Так. Теперь надо разобраться, кто это орудует на вверенной мне территории. Дождёмся нашего охотника и взглянем в его бесстыжие глаза.
Я трансфигурировал корягу в некое подобие белого осла с наростом на лбу. В сгущающейся тьме он вполне походил на недвижно лежащую жертву. Мы затаились в кустах.
Всё бы ничего, но из носа текло, нёбо зудело. Скоро нападёт неудержимый чих, и засада станет никудышной. Но я нашёл выход — закрыл лицо воздушным пузырём. Забавно я, наверное, смотрелся — в кустах, с воздушным пузырём, в компании с кошкой.
Сидеть пришлось долго. Вдруг миссис Норрис заволновалась, хвост тревожно заходил ходуном. Потом послышались тихие осторожные шаги. Кто-то приблизился к моему ослу и изучающее склонился, в темноте был виден лишь силуэт. Я только приготовился атаковать, как вдруг раздался громкий топот. Силуэт метнулся в сторону, заклятие пролетело мимо. Через миг сквозь кусты пронеслась большая группа кентавров, поднимая пыль. Да чтоб вас!
Я наткнулся на острую ветку, пузырь лопнул, в носу резко засвербило, пришлось прижать край мантии к лицу и стиснуть пальцами ноздри. Когда у вас аллергия, что угодно способно вызвать раздражение. В данном случае это пыль, ну и глупость, конечно, тоже. Почему этим идиотам пришло в их безмозглые головы прогуливаться именно здесь и сейчас?!
Естественно, я чихнул, потом ещё. Кентавры резко развернулись и поскакали в мою сторону.
Сквозь пыльное марево я увидел колдуна, взмывающего ввысь на метле. Уйдёт, уйдёт! Я поднял палочку, но надо мной вдруг возник кентавр, поднимающийся на дыбы. Проклятье!
Пришлось отступить. Колдун меж тем скрылся в тёмном небе.
— Что вам здесь нужно? — злобно спросил кентавр.
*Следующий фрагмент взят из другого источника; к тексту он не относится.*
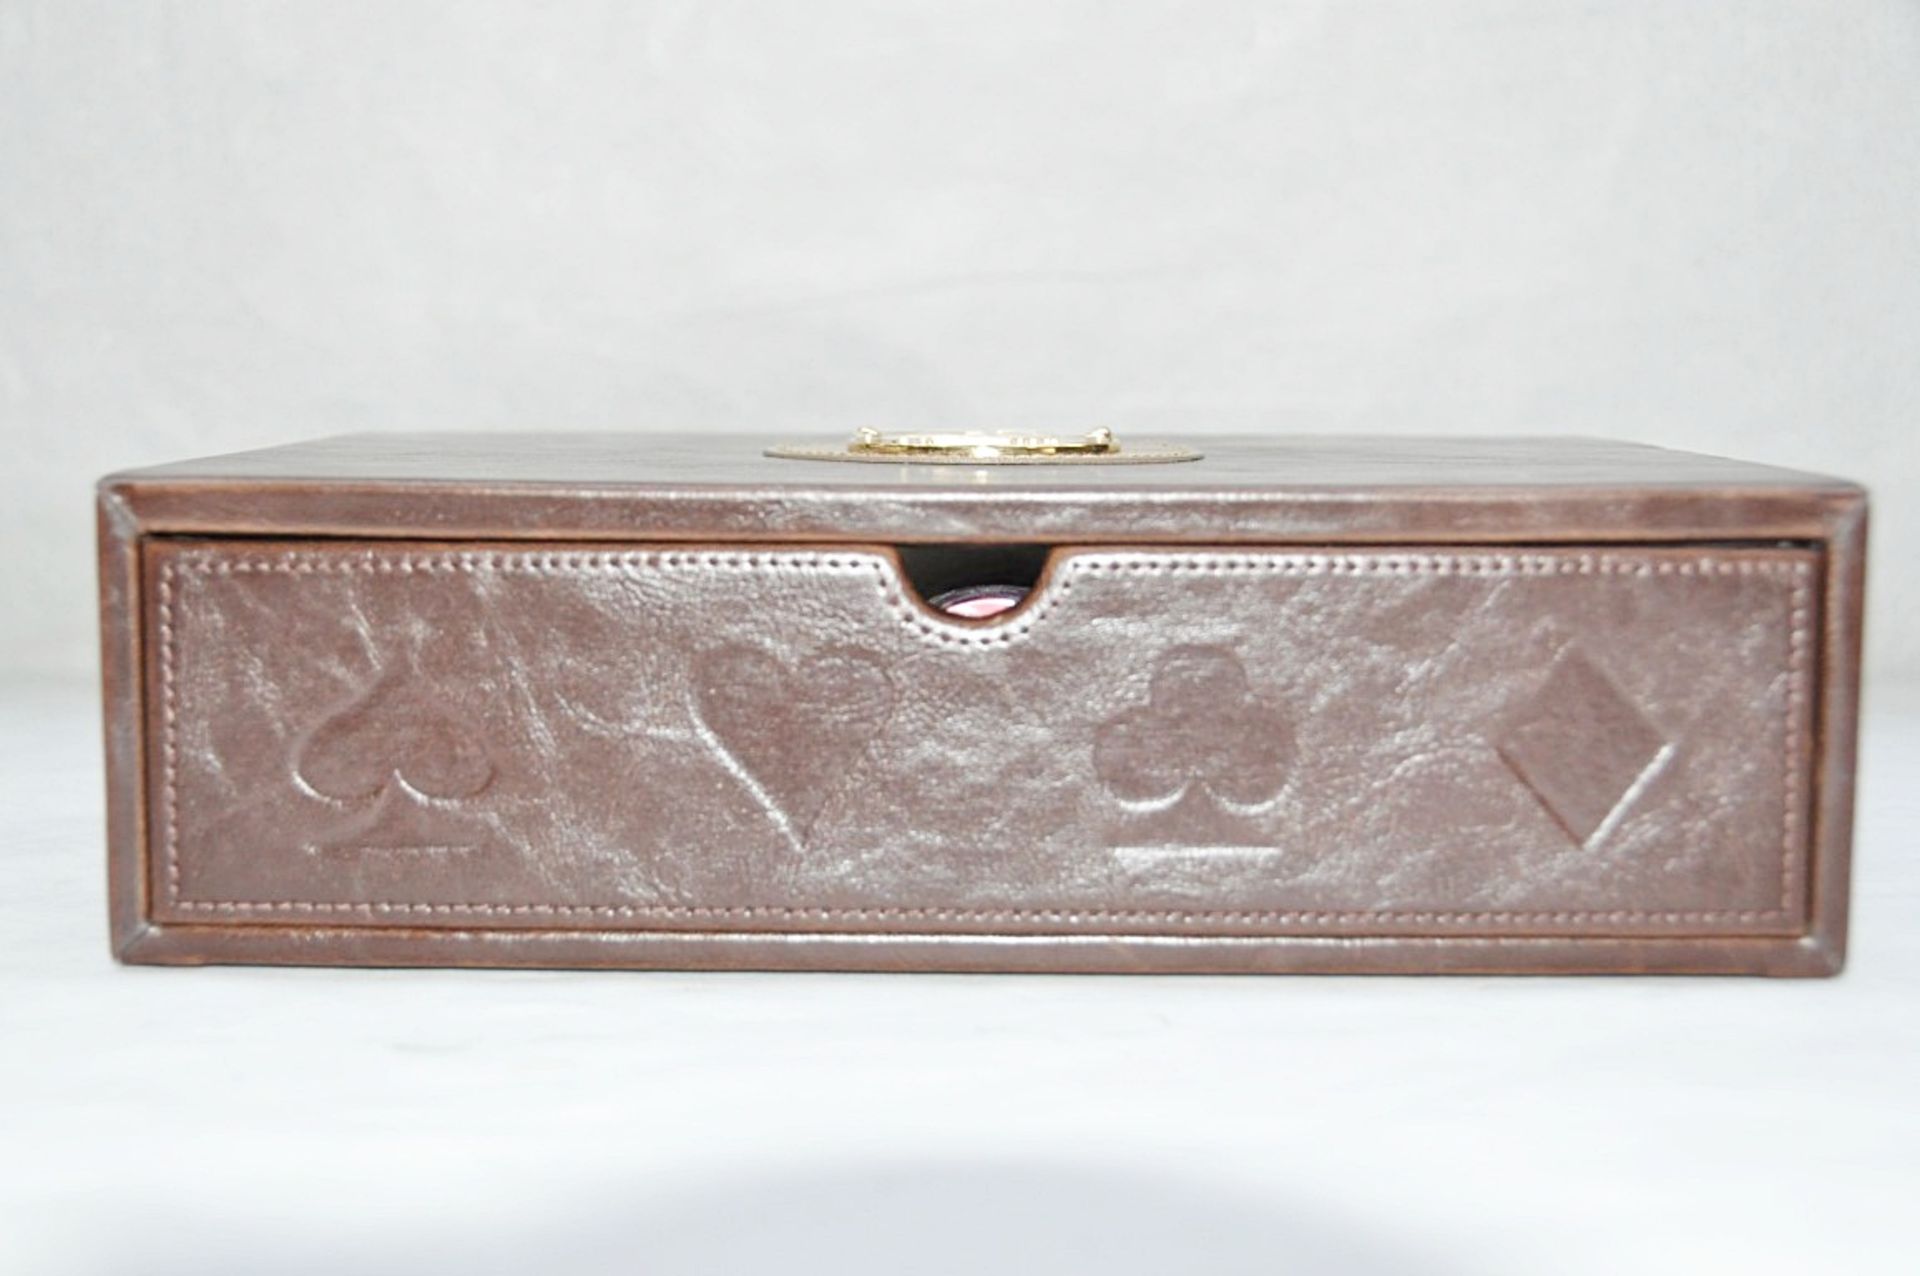 1 x "AB Collezioni" Italian Genuine Leather-Bound Luxury POKER SET (34048) - Ref LT003 - Features - Image 6 of 8

— Я выслеживаю охотника на единорогов.
— Кто вы?
— Преподаватель из Хогвартса.
— Я вас не знаю.
— Это неудивительно.
— Где Хагрид?
— Он в отпуске. Поехал навестить брата.
— Мы видели хромающего единорога, и здесь повсюду его кровь. Откуда нам знать, что не вы его ранили?
— Может, вам звёзды подскажут? — С некоторых пор мне плевать на инстинкт самосохранения. Убьют, так убьют.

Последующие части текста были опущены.